9. I agree. The main question for determination is as to the interpretation to be given to Rule 42 of Order 21 and as to what is the procedure laid down thereby. Under the old law, the investigation as to mesne profits was made in execution. Under the present Code, provision has-been made in Order 20, Rule 12 for a preliminary decree directing enquiry and then for a final decree when the amount has been determined. Along with this, a special provision has been inserted in Order 21, Rule 42 to the effect that pending this enquiry, there can be attachment of the property of the judgment-debtor as in the case of an ordinary decree for the payment of money. It is clear that under the old law under which a similar provision existed, this attachment was made in execution and all the provisions relating to attachments in execution then applied. In my opinion, it is abundantly clear that the same is the position under the present law.
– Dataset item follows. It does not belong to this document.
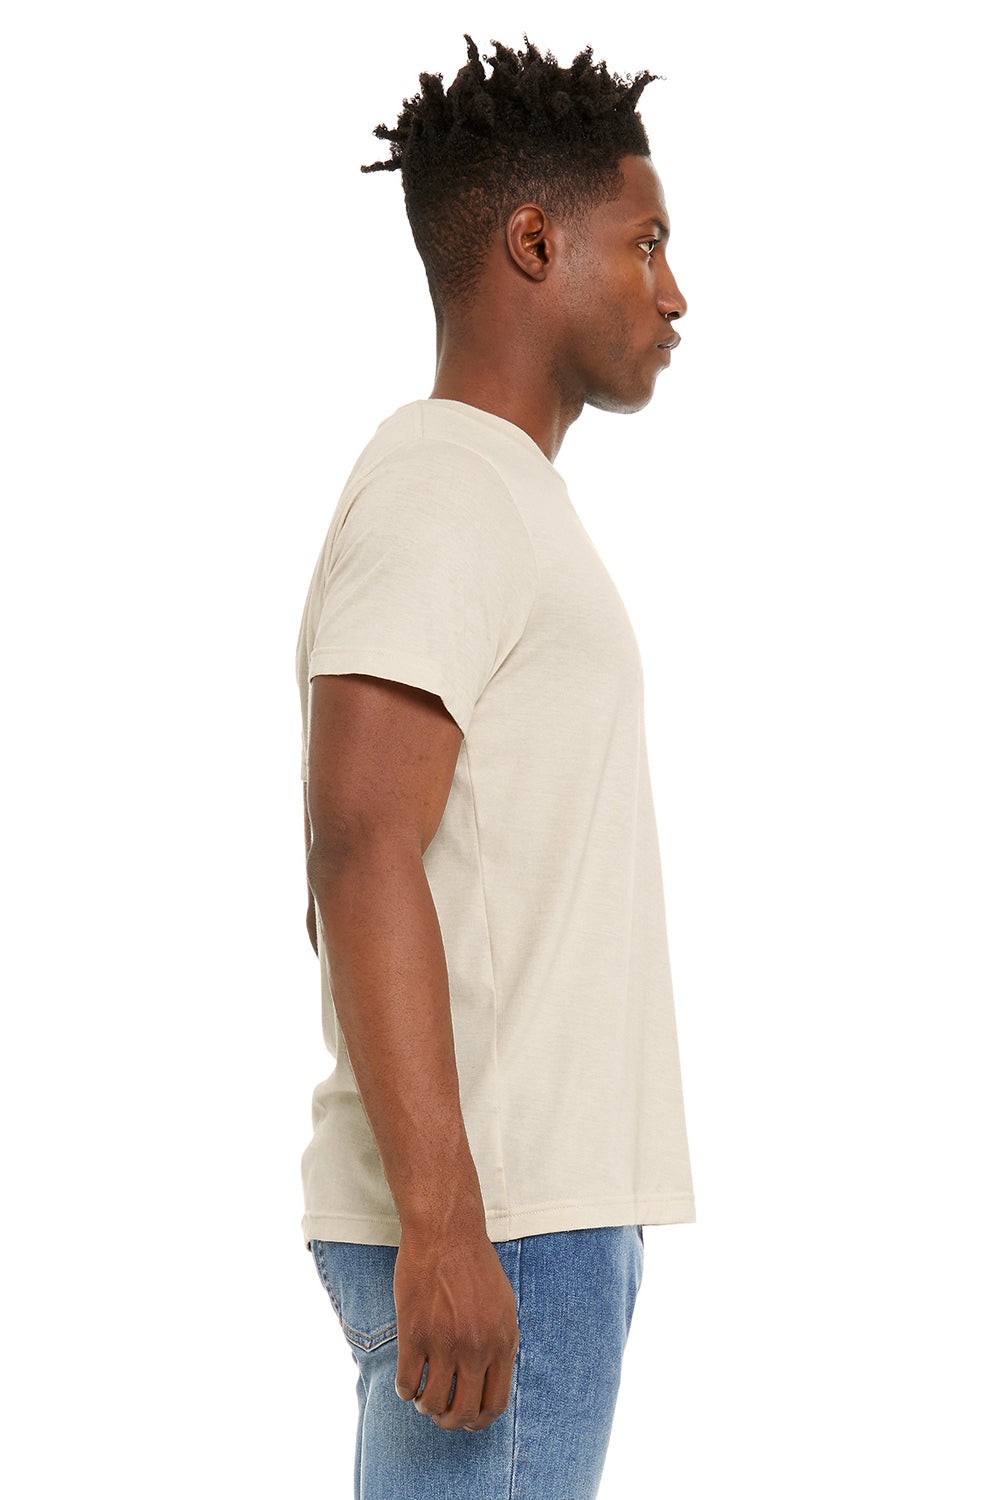 Bella + Canvas BC3301/3301C/3301 Mens Jersey Short Sleeve Crewneck T-Shirt Heather Dust Model Side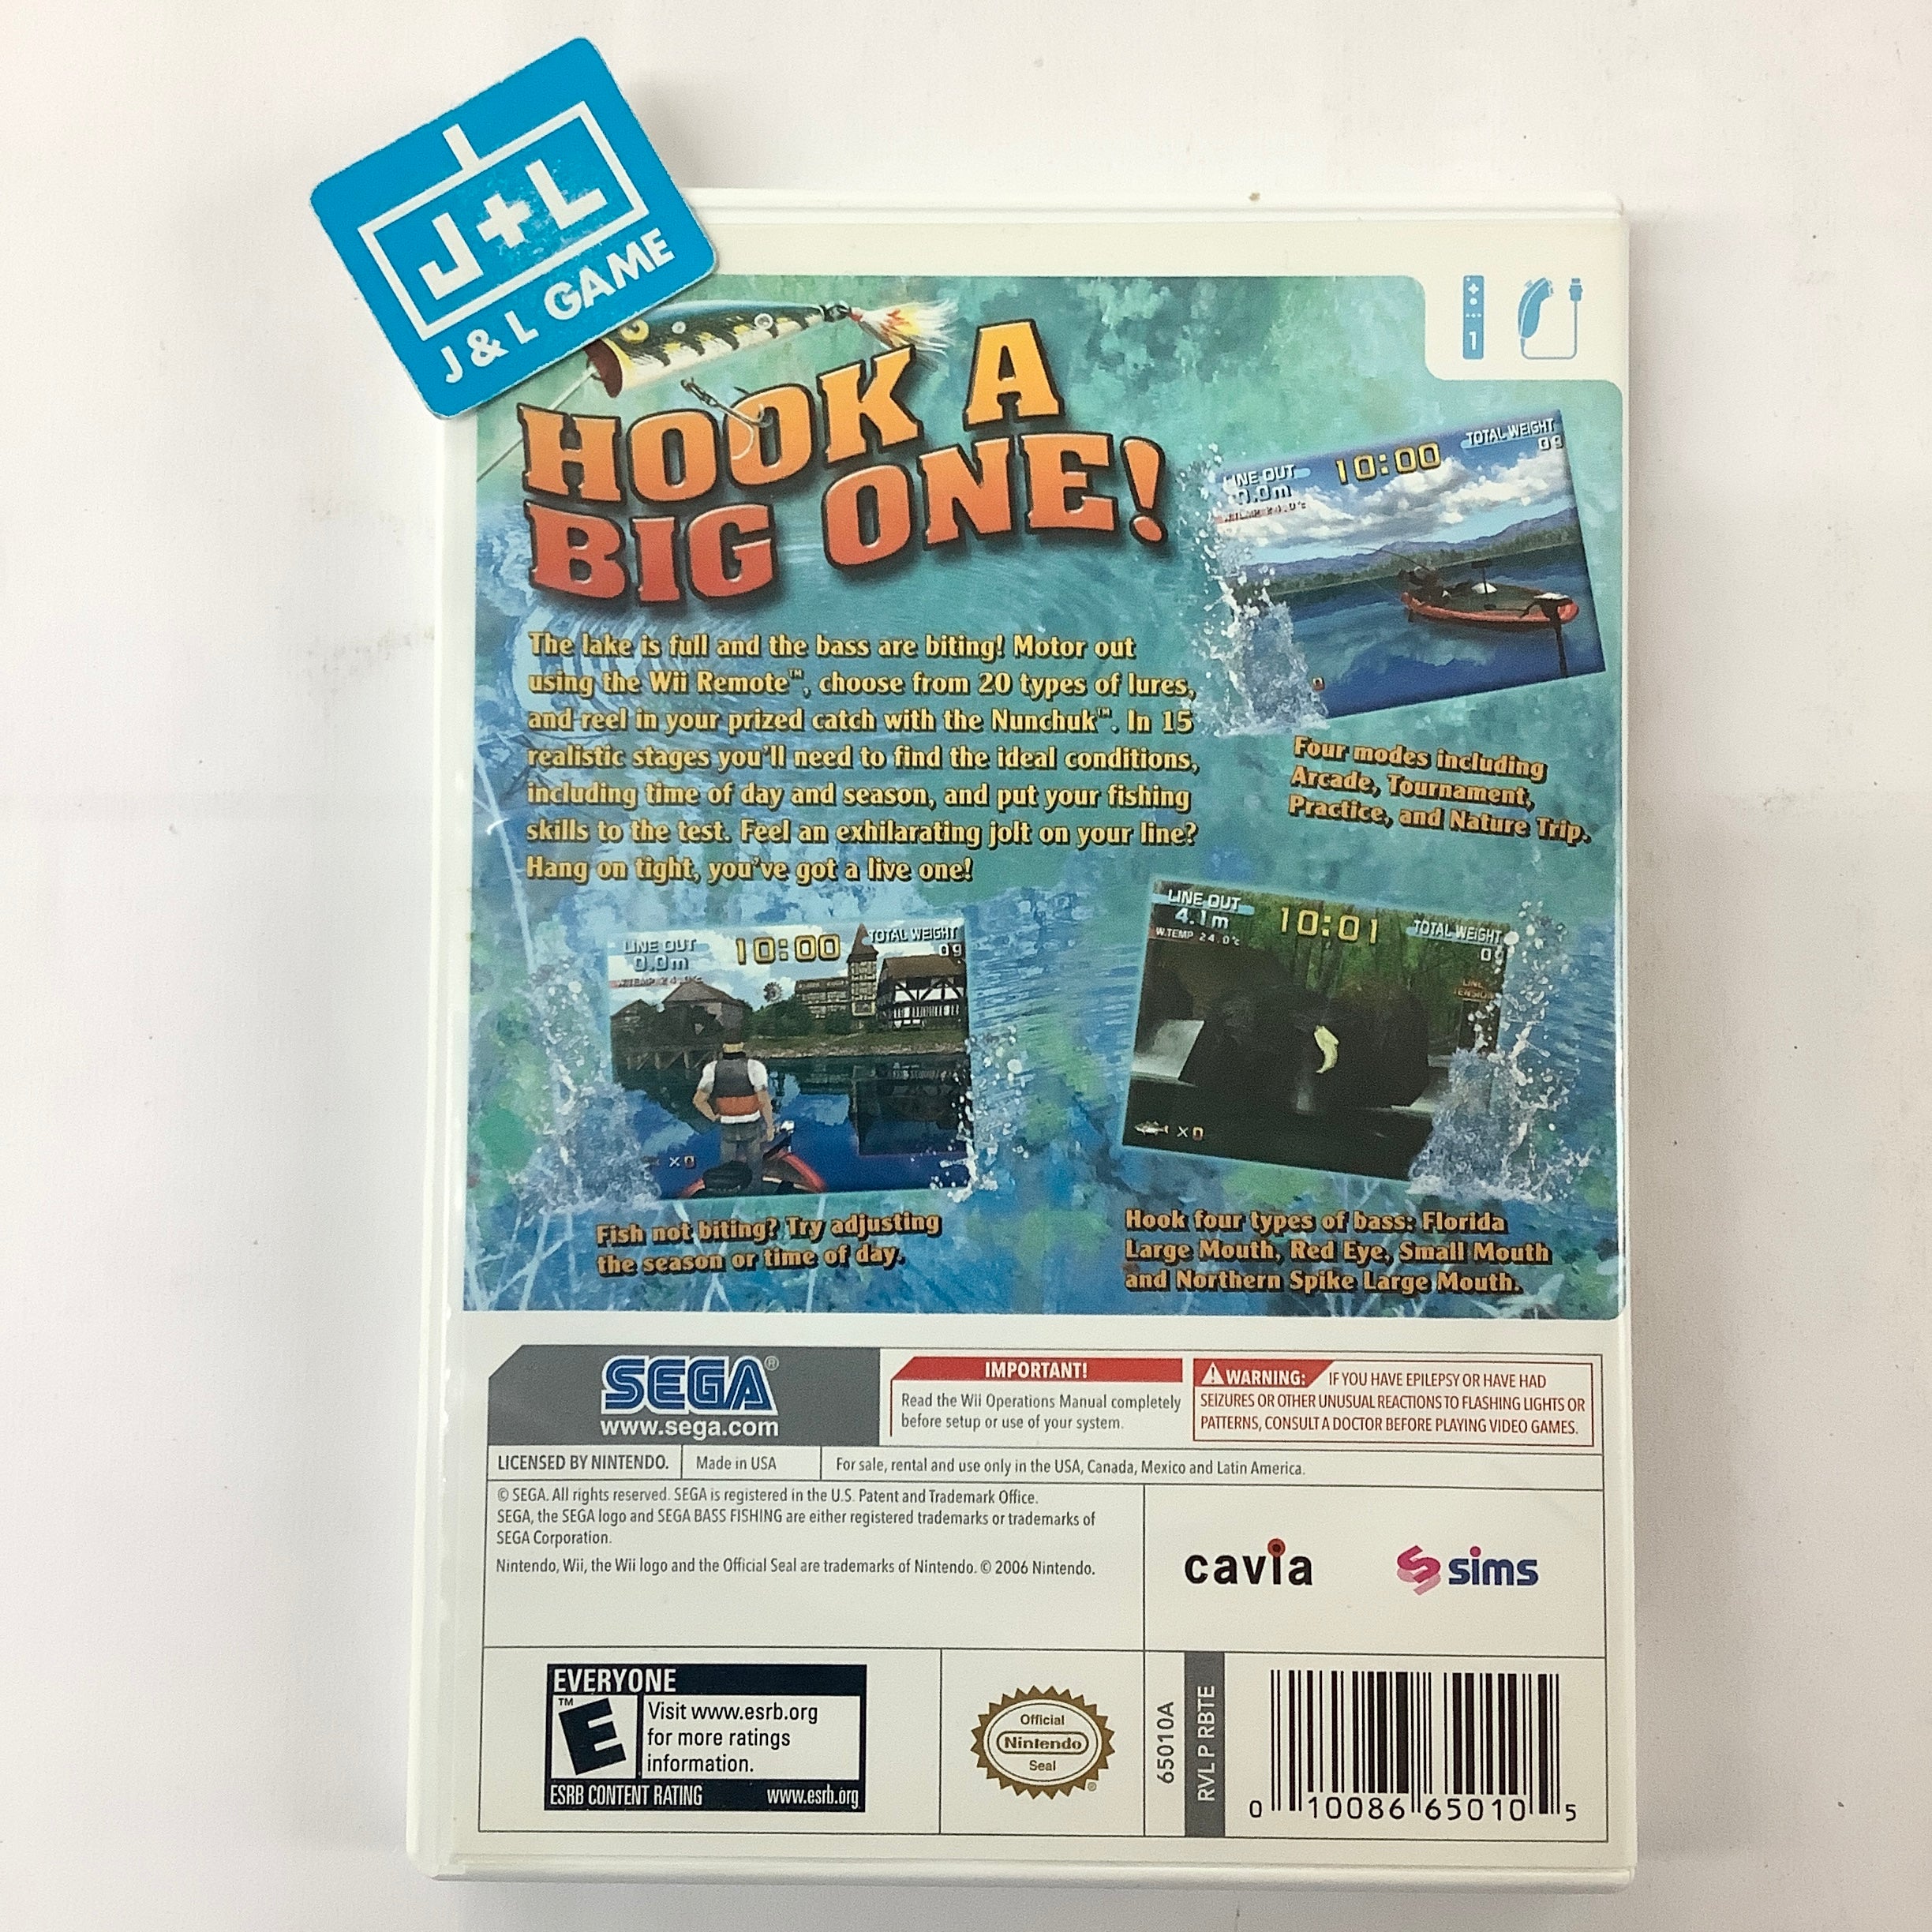 Sega Bass Fishing - Nintendo Wii [Pre-Owned] Video Games Sega

As my learned brother has pointed out, if this position is not taken, then we have to hold that the Legislature has failed to make provision for a number of matters for which provision is almost essential; whereas in analogous matters of attachment before judgment, elaborate provisions have been made, including a special provision that in the matter of claims the procedure shall be as in the case of claims after attachment in execution of decrees. This matter was considered in Ramasami Iyer v. Vedambal Ammal : AIR1934Mad604 , where the question arose as to whether an applicant under Rule 42 of Order 21 was entitled to a rateable distribution with other decree-holders under Section 73 of the Code. It was there held that he was so entitled, and the reason given was that the proceedings were held to be proceedings in execution, that under the old law he had such right, and that unless it were so held he would not have that right under the present Code, and that there was no justification for a conclusion to that effect. I think it is clear, therefore, that an application for attachment under Rule 42 is to be dealt with exactly as an application for attachment in execution of a decree and all appropriate provisions under Order 21 of the Code in relation to the latter will apply to the former.